Adrian Flanagan spots the first ice of his expedition
At 2.30 this afternoon, local time I was sitting at the chart table plotting position. Barrabas was under full sail taking advantage of a 4-5 hour window of favourable winds before we were due to be headed again. I glanced up at the radar screen. A strong contact registered at 2 miles, 20 degrees off my port bow. I figured a ship, probably an ice-breaker patrolling. I had been advised to expect ice at 153 degrees east by Tim Thornton, my weather adviser. I went up on deck grabbing the binoculars which are located at the top of the companionway steps. Ships loom large and square on the horizon. I couldn’t see anything. I ducked my head below the companionway to watch the sweep. There is was. I glassed to the fore with the binoculars. I hadn’t been looking for it, that’s why I missed it – a massive chunk of ice floating free. A tiny island streaked with blue and green. I played the binoculars along the line of the sea. Hummocked on the horizon more lumps carved by wind and water into strange, alien shapes. I passed one close by.

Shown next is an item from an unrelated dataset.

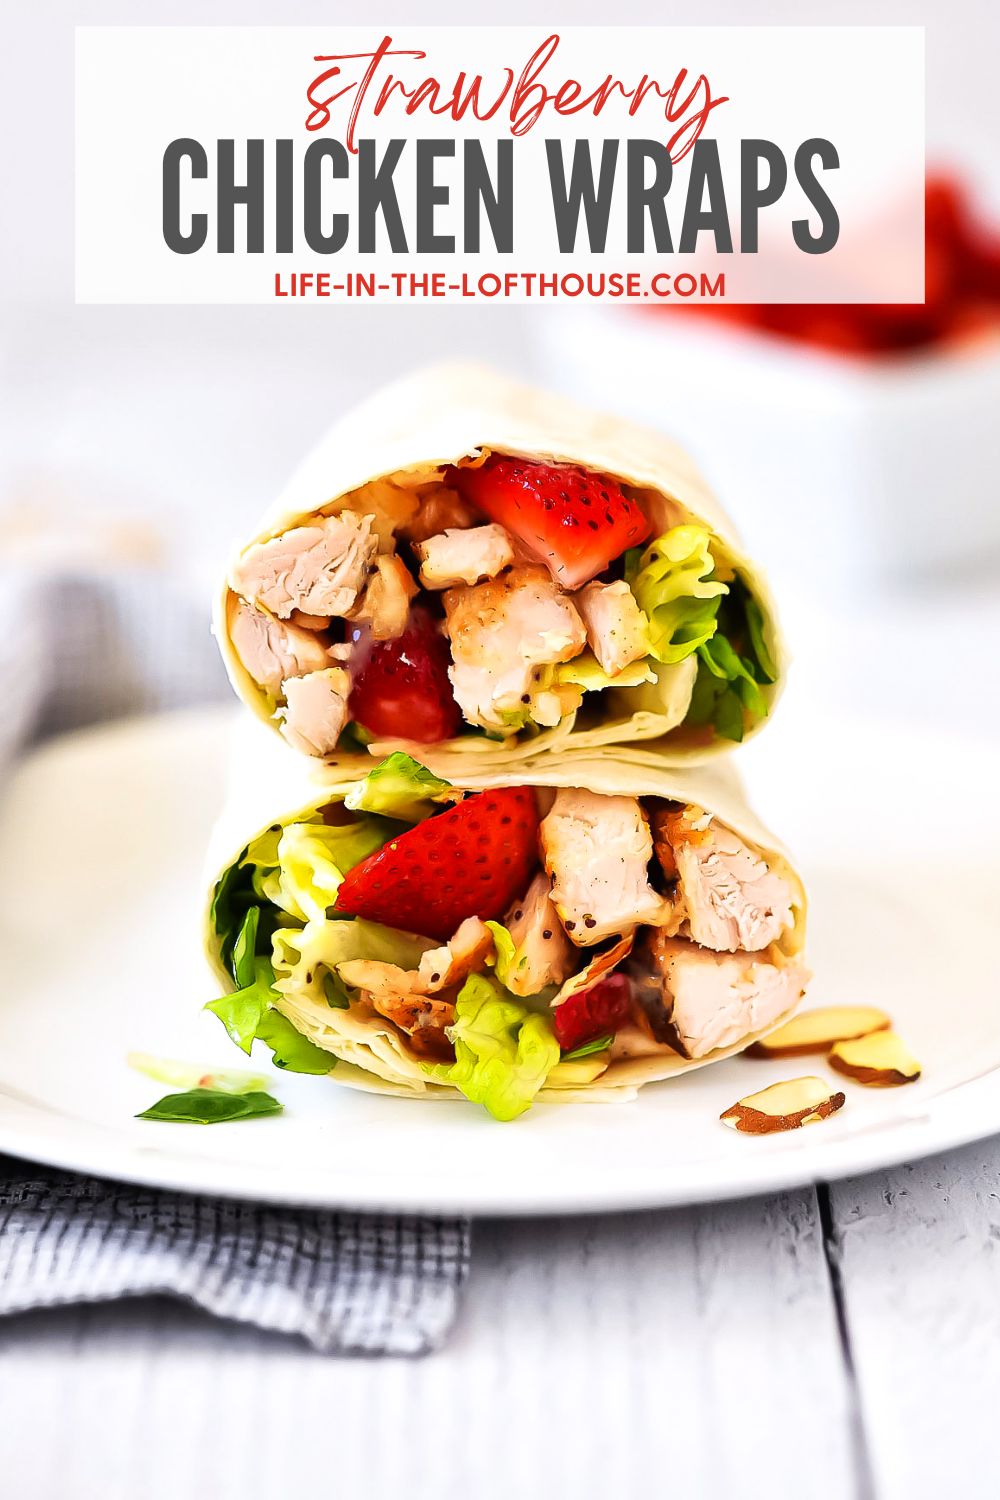 Chicken wraps with strawberries

It looked like a swan the size of a family car, its head bent low on its icy neck as though being drawn irreversibly into the melt. The ice edge stretched away to the north, illuminated to phosphorescence as though intra-lit by the Arctic sun.
These are orphans, cut adrift from the southern bulge of the ice edge by the west wind which has blown strongly during the last two days. We are approaching 73 degrees north latitude. This ice will thicken to three tenths cover. I can see it in front, five miles.